In 1839–1840 Oakden was Second Clerk in the Treasury, under his uncle Osmond Gilles. In February 1839 Oakden was part of a syndicate of six, led by William Finke (First Treasury Clerk), and including Osmond Gilles, which won the right to purchase the original town of Glenelg at £1 per acre, though Oakden failed to turn this to maximum financial advantage.

==Kadlunga, South Australia==
In 1839 Osmond Gilles was part of a syndicate of nine investors that established the Hutt River Special Survey in the Clare Valley. As a result, around 1841 Oakden relinquished town life to take up managing sheep grazing properties in that locality. Among these was Kadlunga (also spelt Cadlunga, Tadlunga and Katalunga in earliest times), held under an occupation licence by James Stein. Kadlunga, beside Mount Horrocks and near Mintaro, was in later decades a premium sheep stud owned by Sir Samuel Way. During Oakden's time in the Clare Valley Mount Oakden (altitude 568 m) at nearby Penwortham was named for him. He was a close associate of neighbouring pastoralist John Ainsworth Horrocks, whose brother Arthur Horrocks resided with Oakden at Kadlunga from 1846 until his marriage in 1850, at which Oakden was groomsman. In 1846 Oakden had leased Kadlunga from Stein, who in 1848 became insolvent. Oakden then managed it until 1850.

==Oakden Hills, South Australia==
In 1851, seeking fresh pastoralism opportunities on his own account, Oakden struck out into the remote and unexplored north of South Australia in partnership with Henry Stephen Hulkes (1812–1884), grandson of British M.P. James Hulkes. Oakden aimed for the same distant hills which the ill-fated Horrocks expedition never reached.
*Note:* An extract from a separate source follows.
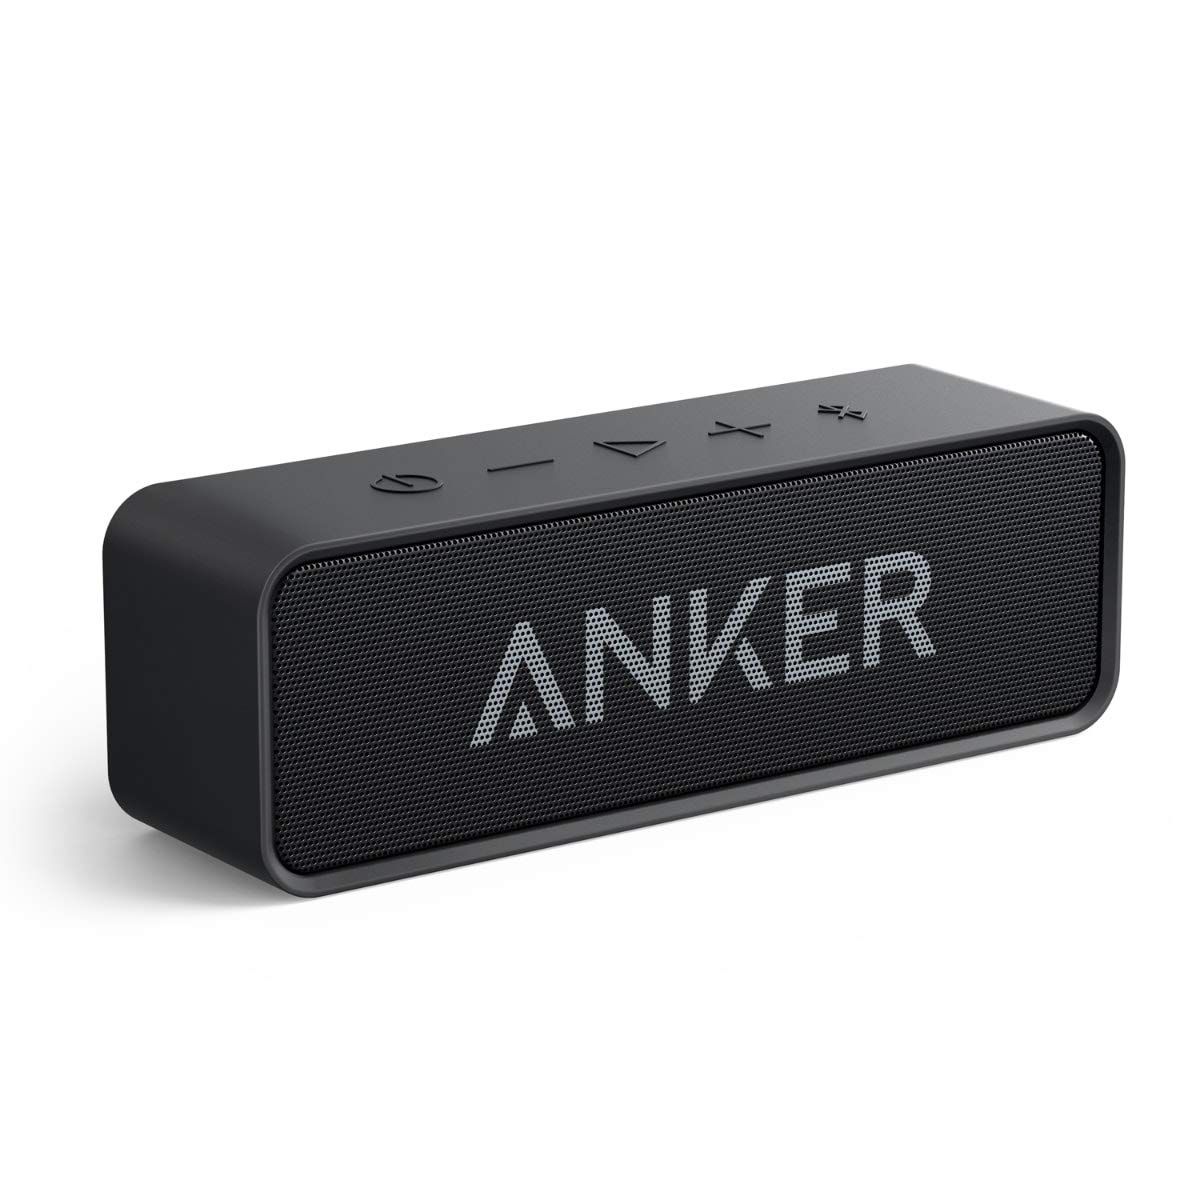 Gifts for Brother: Anker Soundcore Bluetooth Speaker with Loud Stereo Sound on Amazon
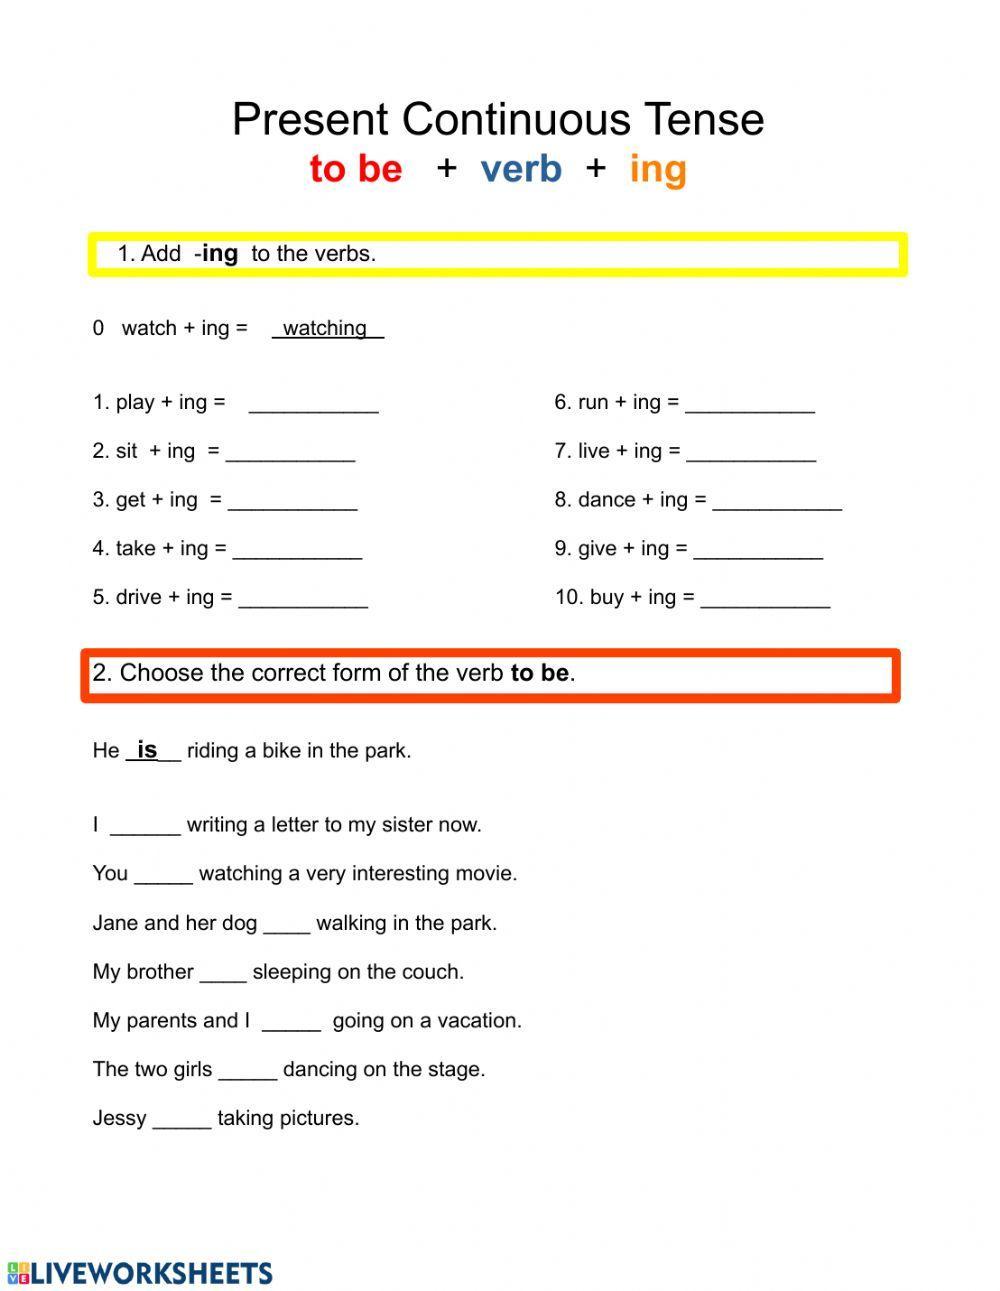 Present Continuous Tense online exercise | Live Worksheets

This, the first expedition up the western side of Lake Torrens, indicated a route northwards beyond the perceived barrier of the mysterious 'Horse-Shoe Lake' and gave an impetus for further explorations. The pair came by the Oakden Hills and Hulkes Hills, geographical features in the Woomera region that were named after them in 1858 by the Babbage expedition. The highest peak of the Oakden Hills is named Mount Oakden. They established a pastoral farming run nearby, but gave this up in 1852 when Hulkes was enticed to the Bendigo gold rush. Additionally, they came under increased threat of attack on this frontier from local Aboriginals. When Oakden had broken up his station in March 1852, and was leaving the district, his party was sleeping under a bullock dray when they were disturbed by a number of Aboriginals approaching in the night. One of his party fired a shot amongst them, causing them to disperse, evidently without injury. Through association, Oakden Hills Station, 170 kilometres north of Port Augusta, between Lake Gairdner and Lake Torrens, today bears Oakden's name.

==Acheron Bank Station, New Zealand==
Returning to the Clare Valley, Oakden became associated with William Robinson, of Hill River Station. In 1854 he was deputed by Robinson to go to New Zealand with a view to selecting pastoralism land. This accomplished, he returned to South Australia to wind up his affairs and returned to New Zealand in 1855. He then purchased Acheron Bank Station near Lake Coleridge in the Canterbury region, which he successfully developed and held until 1877, when he sold up to enjoy an affluent retirement at Riccarton. Mount Oakden in the Mid-Canterbury Ranges bears his name. From the late 1860s he was a committee member of the Canterbury branch of the Acclimatisation Society, being active in the introduction to New Zealand of trout and Chinook salmon, among other non-native fauna. Oakden visited family in England 1878–1882. He died at his Riccarton home on 31 March 1884, aged 66, of a liver complaint.

An affable character, Oakden is reputed to have constantly dressed like a gamekeeper, and looked like one. Always keen on sporting pursuits, particularly the turf and the Hunt Club, he rarely engaged in public life and he never married. Some of his personal papers are held by the Canterbury Museum. Oakden holds the distinction of having three peaks named after him, yet there is no record that he ever ascended any of them.